The rapid rise of Chinese AI startup DeepSeek has been one of the most closely followed stories in the technology sector in early 2025. The company’s DeepSeek-R1 reasoning model has drawn comparisons to OpenAI’s top-tier systems, earning praise for its cost-effectiveness and efficiency. However, a critical security disclosure on January 30, 2025 has revealed a sobering reality: even the most innovative AI companies can fall victim to fundamental security misconfigurations that put user data at risk.

Security researchers at cloud security firm Wiz discovered a publicly accessible ClickHouse database belonging to DeepSeek that was completely open and unauthenticated. The database, hosted at oauth2callback.deepseek.com:9000 and dev.deepseek.com:9000, contained over one million log entries exposing chat histories, API secret keys, backend operational details, and other highly sensitive information to anyone on the open internet. Bitcoin was trading at approximately $104,735 at the time of the disclosure, and the broader crypto market was already on high alert following a report from Immunefi showing $74 million lost to crypto hacks in January 2025 alone.

The Exploit Mechanics

The Wiz research team began their assessment by mapping DeepSeek’s external attack surface using standard reconnaissance techniques, both passive and active subdomain discovery. They identified around 30 internet-facing subdomains. Most appeared benign, hosting the chatbot interface, status pages, and API documentation. However, when the team expanded their search beyond standard HTTP ports 80 and 443, they detected two unusual open ports — 8123 and 9000 — associated with key subdomains.

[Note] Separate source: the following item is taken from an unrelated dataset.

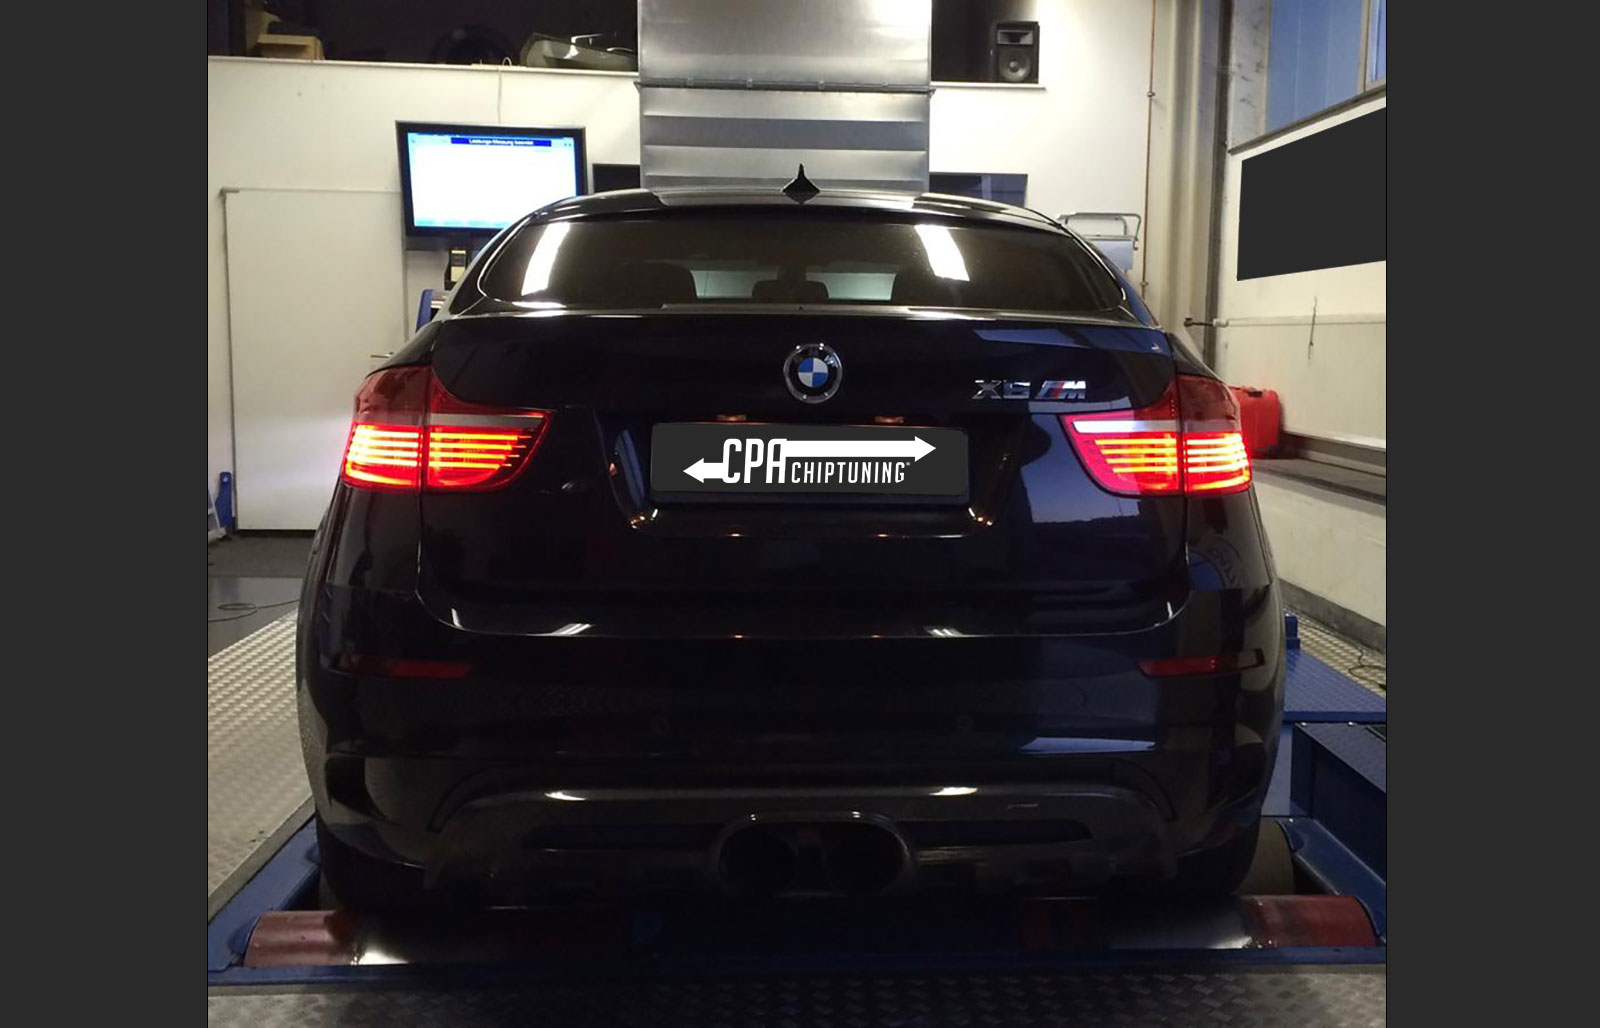 In the test at CPA the BMW X6 M

These ports led directly to a publicly exposed ClickHouse database. ClickHouse is an open-source columnar database management system developed by Yandex, widely used for real-time data processing, log storage, and big data analytics. By leveraging ClickHouse’s HTTP interface, the researchers accessed the /play path, which allowed direct execution of arbitrary SQL queries via the browser. A simple SHOW TABLES; query returned a full list of accessible datasets, and one table in particular stood out: log_stream, which contained over one million log entries with columns revealing timestamps dating back to January 6, 2025, internal API endpoint references, plaintext logs including chat history, API keys, backend details, and operational metadata.

Affected Systems

The exposure was not limited to a single service. The _service column indicated which DeepSeek service generated each log, while the _source column revealed the origin of log requests, containing chat histories, API keys, directory structures, and chatbot metadata. This level of access posed a critical risk not only to DeepSeek’s internal security but also to every end user who had interacted with the platform since early January 2025.

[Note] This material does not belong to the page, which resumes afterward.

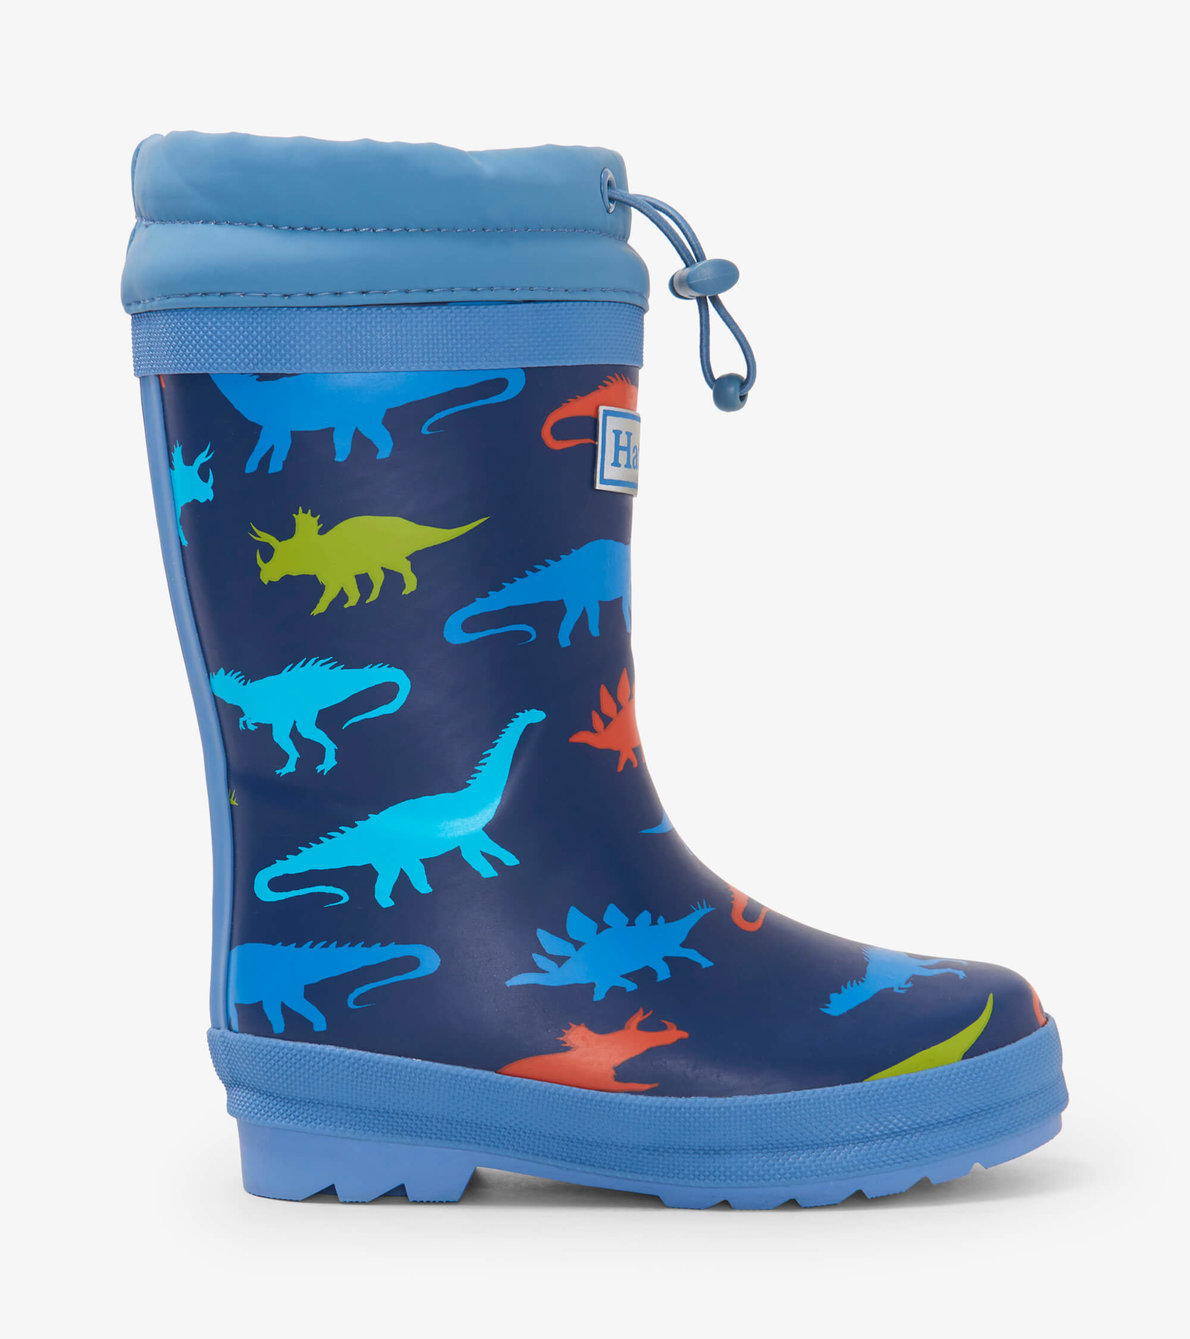 View larger image of Dinosaur Silhouettes Sherpa Lined Kids Wellies

More critically, the exposure allowed for full database control and potential privilege escalation within the DeepSeek environment, without any authentication or defense mechanism standing between the open internet and the database. Any attacker who discovered these ports could have retrieved sensitive logs and actual plaintext chat messages, exfiltrated API secrets, and potentially leveraged the access to pivot deeper into DeepSeek’s infrastructure.

The Mitigation Strategy

The Wiz Research team immediately and responsibly disclosed the issue to DeepSeek, which promptly secured the exposure by taking the database offline. The speed of the response was commendable, but questions remain about how long the database was exposed before Wiz discovered it, and whether any malicious actors accessed it during that window. DeepSeek did not respond to requests for comment from multiple media outlets.

Misconfigured databases are often caused by human error rather than malicious intent. In this case, the ClickHouse instance was deployed without authentication on internet-facing ports, a configuration error that should have been caught during routine security audits. The incident underscores the importance of implementing zero-trust architecture, regular attack surface assessments, and automated monitoring for exposed services.

Lessons Learned

The DeepSeek database exposure offers several critical lessons for the broader technology and crypto community. First, rapid growth and viral popularity do not excuse basic security hygiene. DeepSeek experienced explosive user adoption since its public launch in December 2024, but its security infrastructure apparently did not keep pace with its growth. Second, exposed databases remain one of the most common and devastating attack vectors in the industry. The crypto sector alone has seen billions lost to similar misconfigurations over the years.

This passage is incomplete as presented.